Desired Qualifications
- Master’s degree in Computer Science or related field.
- Experience with high performance computing, large scale data centers, HPSS and/or other mass storage systems.
- Knowledge of one or more storage systems hardware components (e.g. Spectra Logic or Oracle robotics, Oracle/IBM tape drives, NetApp RAID, Qlogic HBAs, direct-attach fiber).

Pre-Employment Drug Test:  External applicant(s) selected for this position will be required to pass a post-offer, pre-employment drug test.  This includes testing for use of marijuana as Federal Law applies to us as a Federal Contractor.

Security Clearance:  This position requires a Department of Energy (DOE) Q-level clearance.

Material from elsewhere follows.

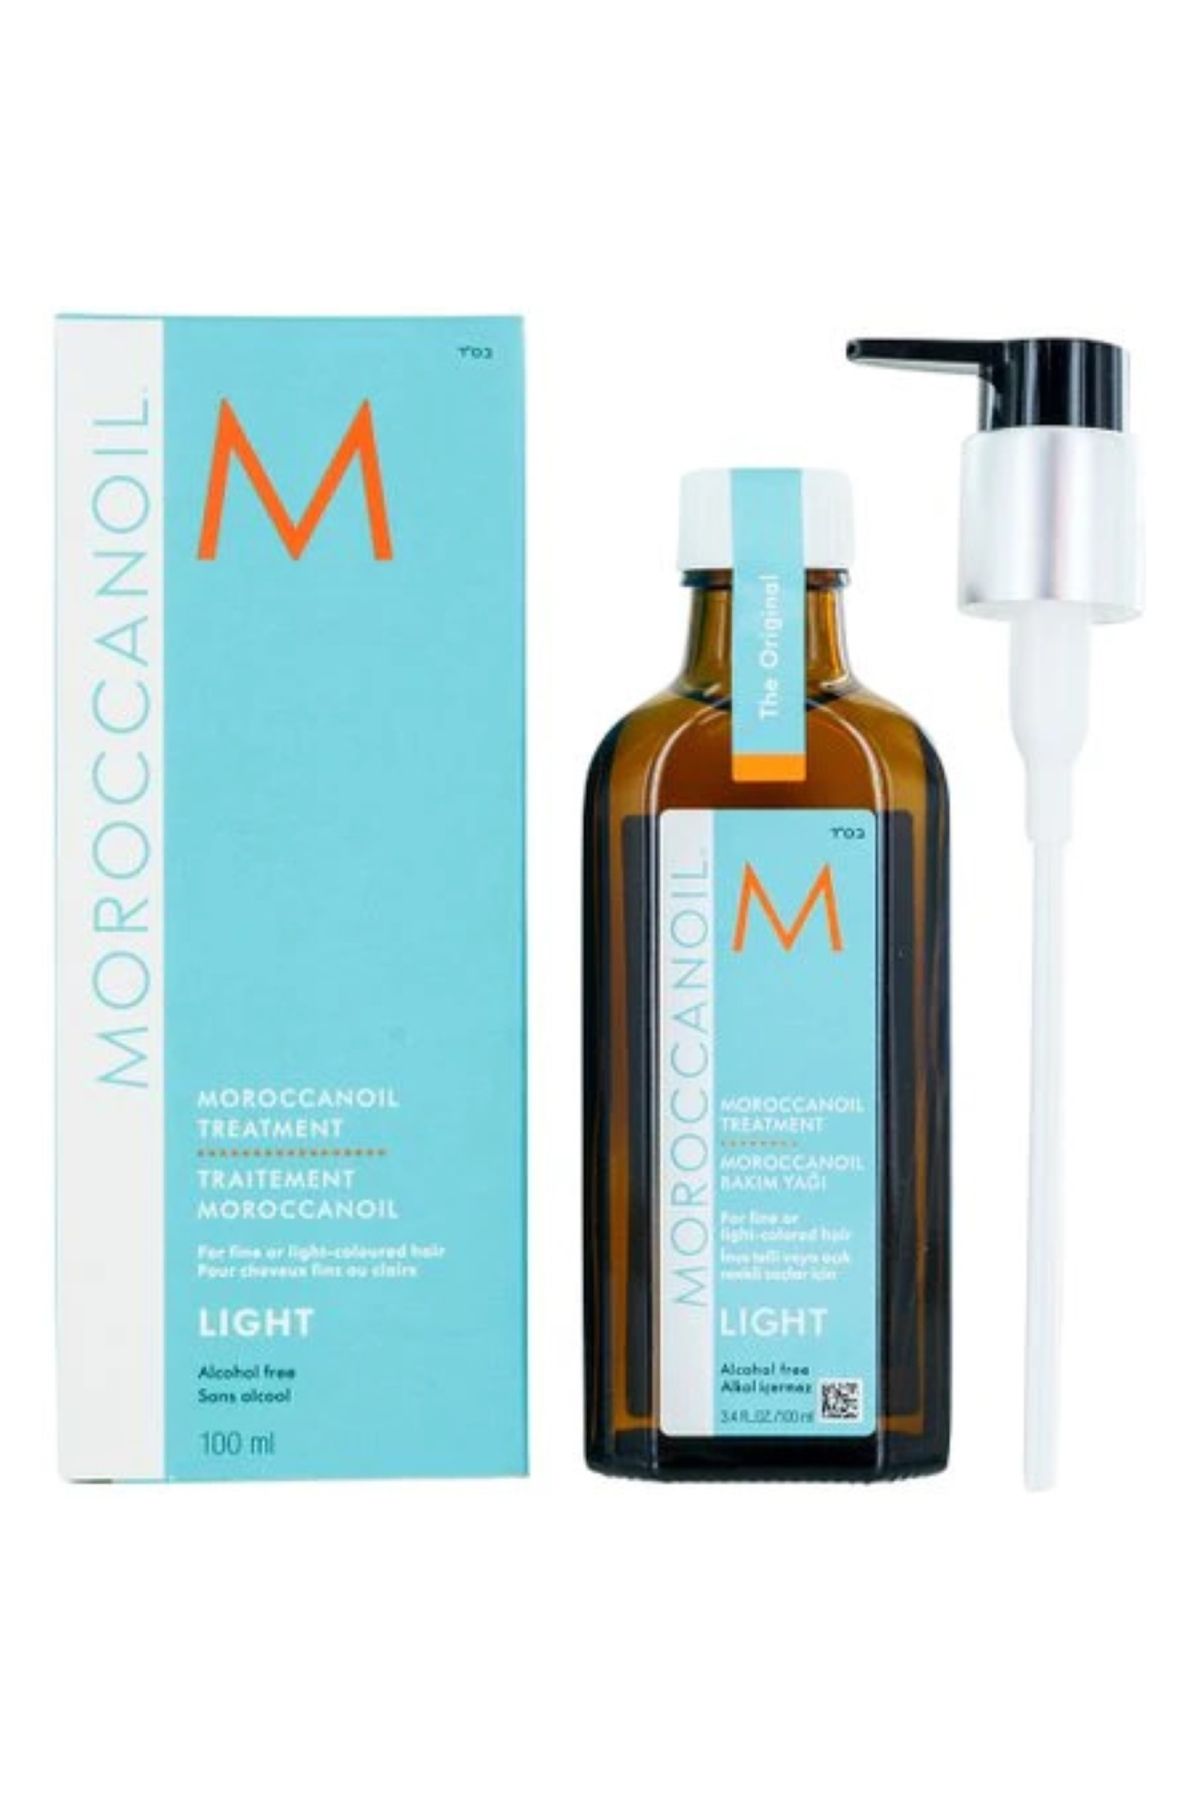 Moroccanoil Treatment Light -İnce Açık Renkli Saçlar İçin Şekillendirici Lüks Yağ 100 ml CYT9794664
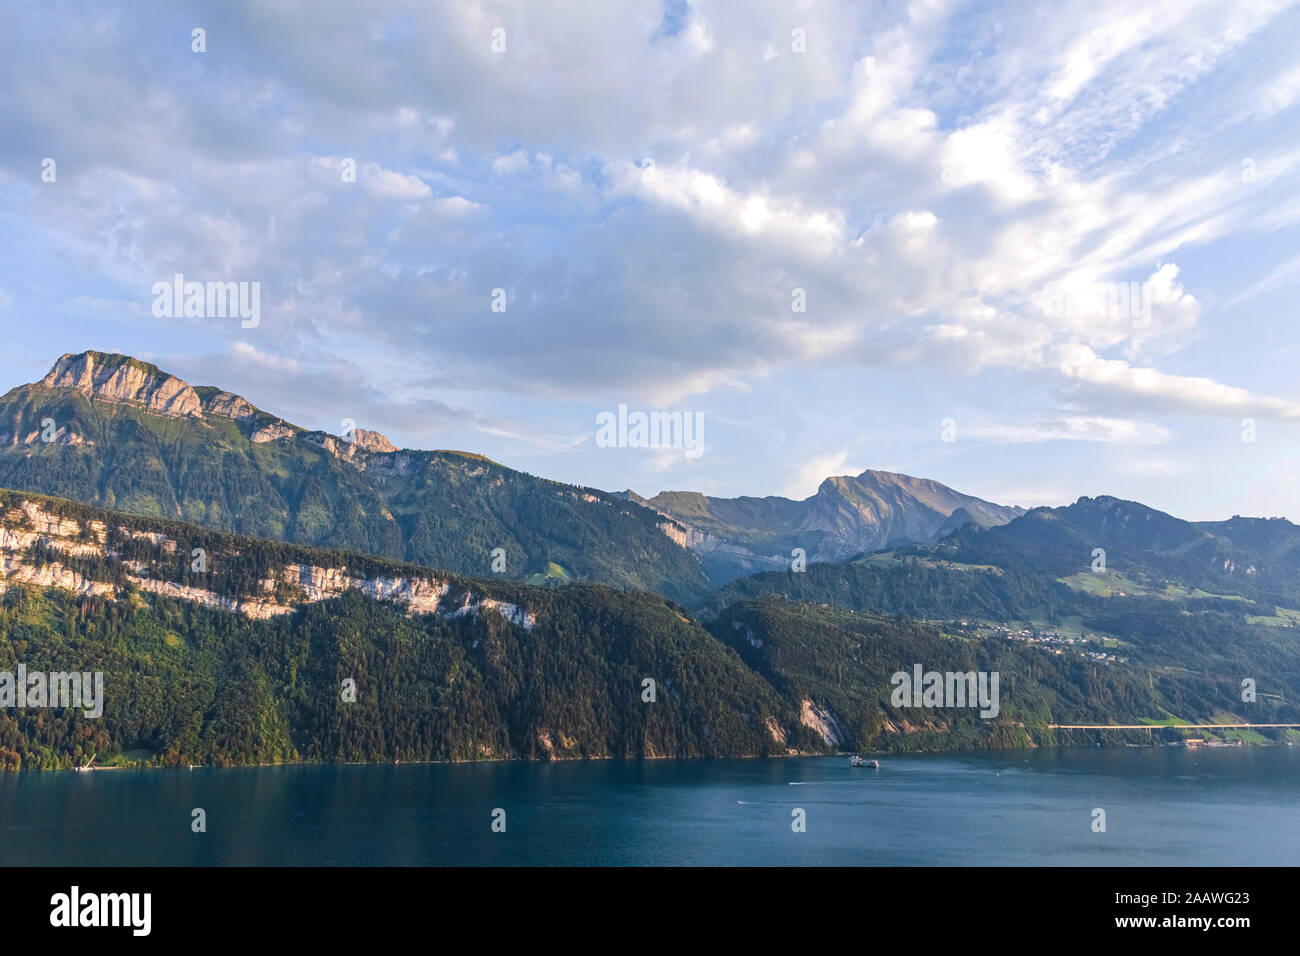 La Suisse, Lucerne, Schwyz, vue panoramique de nuages sur le lac de Lucerne et de haute falaises boisées en été Banque D'Images

If you are selected, we will initiate a Federal background investigation to determine if you meet eligibility requirements for access to classified information or matter. In addition, all L or Q cleared employees are subject to random drug testing.  Q-level clearance requires U.S. citizenship.  If you hold multiple citizenships (U.S. and another country), you may be required to renounce your non-U.S. citizenship before a DOE L or Q clearance will be processed/granted.

Note:   This is a Career Indefinite position. Lab employees and external candidates may be considered for this position.

About Us

Lawrence Livermore National Laboratory (LLNL), located in the San Francisco Bay Area (East Bay), is a premier applied science laboratory that is part of the National Nuclear Security Administration (NNSA) within the Department of Energy (DOE).  LLNL's mission is strengthening national security by developing and applying cutting-edge science, technology, and engineering that respond with vision, quality, integrity, and technical excellence to scientific issues of national importance.  The Laboratory has a current annual budget of about $2.1 billion, employing approximately 6,800 employees.


LLNL is an affirmative action/ equal opportunity employer. All qualified applicants will receive consideration for employment without regard to race, color, religion, marital status, national origin, ancestry, sex, sexual orientation, gender identity, disability, medical condition, protected veteran status, age, citizenship, or any other characteristic protected by law.